橘政宗沉默了片刻后,低声说:“是的,我的心里也住着恶魔,它在那一天苏醒了……也许是在看到赫尔左格疯狂构想的那一天就苏醒了,我不假思索地就同意了赫尔左格博士这项残忍的提议。”
“我们那天杀死了许多人,比我当情报员的那些年杀过的人加在一起还要多上好几倍……应该有三百人,不,应该是四百人……或者有六百人也说不定。”橘政宗的眼底划过痛苦的神情,“总之遍地都是血,鲜血把那座无名港染成了红色,尸体堆积如山,最后一切都湮灭在那场巨大的爆炸里。”
“最后只有你和赫尔左格活了下来?”源稚生问。
“不,最后只有我一个人活了下来……当年的我是这样天真以为的。”橘政宗说,“原本我是打算到了日本,日本建立起实验室,等到一切都步入正轨后再对赫尔左格博士痛下杀手,但对方残忍的本性和为了目的不顾一切的疯狂令我感到惧怕,我知道在对方内心深处,我也是他必须要抹除的目标,因为在皇帝君临世界的时候,没有人愿意和其他人平分权柄,我们都是对方必须要杀死的目标,只是时机的早或晚而已。”

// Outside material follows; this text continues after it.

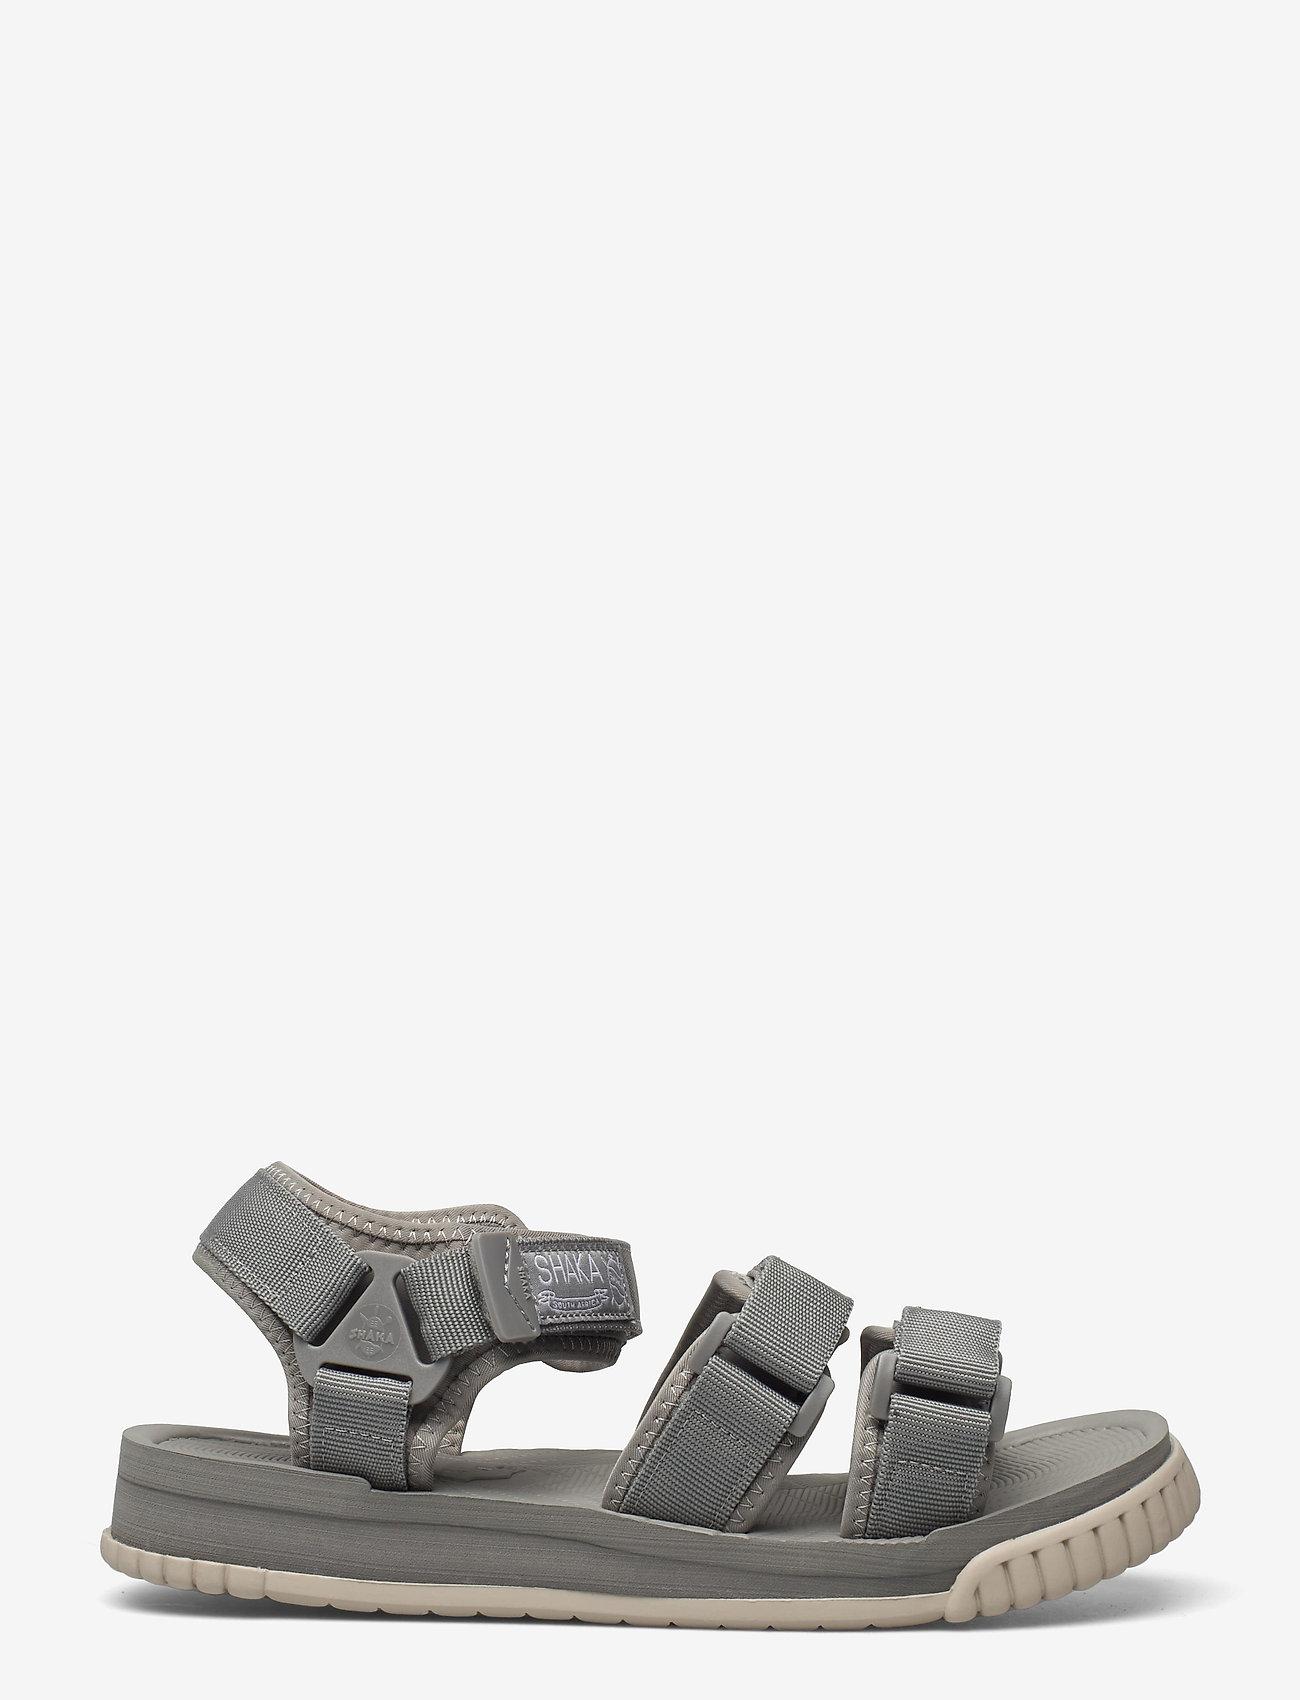 Shaka - Neo Bungy - platta sandaler - grey/grege - 1

“所以你先下手为强,杀死了赫尔左格博士?”源稚生问。
“是的,贪欲和恐惧让我变得异常决绝,在炸毁了无名港,登上列宁号的那一刻,我端起藏在衣衫里的猎枪打穿了赫尔左格博士的心脏,一枪还不够,我紧跟着又连开了数枪,他的尸体被我从甲板轰进了海里。”橘政宗用拧毒的语气恶狠狠地说,就好像他杀死了一只恶鬼,又好像他才是那只露出凶相的恶鬼。
“然后呢?你继承了赫尔左格博士的遗志……或者说你想取代他?”源稚生顿了顿,“于是你把列宁号沉入了‘高天原’?你想复活‘神’来征服世界?”
“不,并不是你想的这样。”橘政宗微微叹息,“杀死赫尔左格博士之后,我如愿以偿地带着你和稚女从西伯利亚无名港出发,也成功得到了赫尔左格博士的笔记,我原本以为赫尔左格的目的只是为了将你和稚女量产成能够帮他征服世界的战士,但读完他的笔记后我才知道他的最终目的。”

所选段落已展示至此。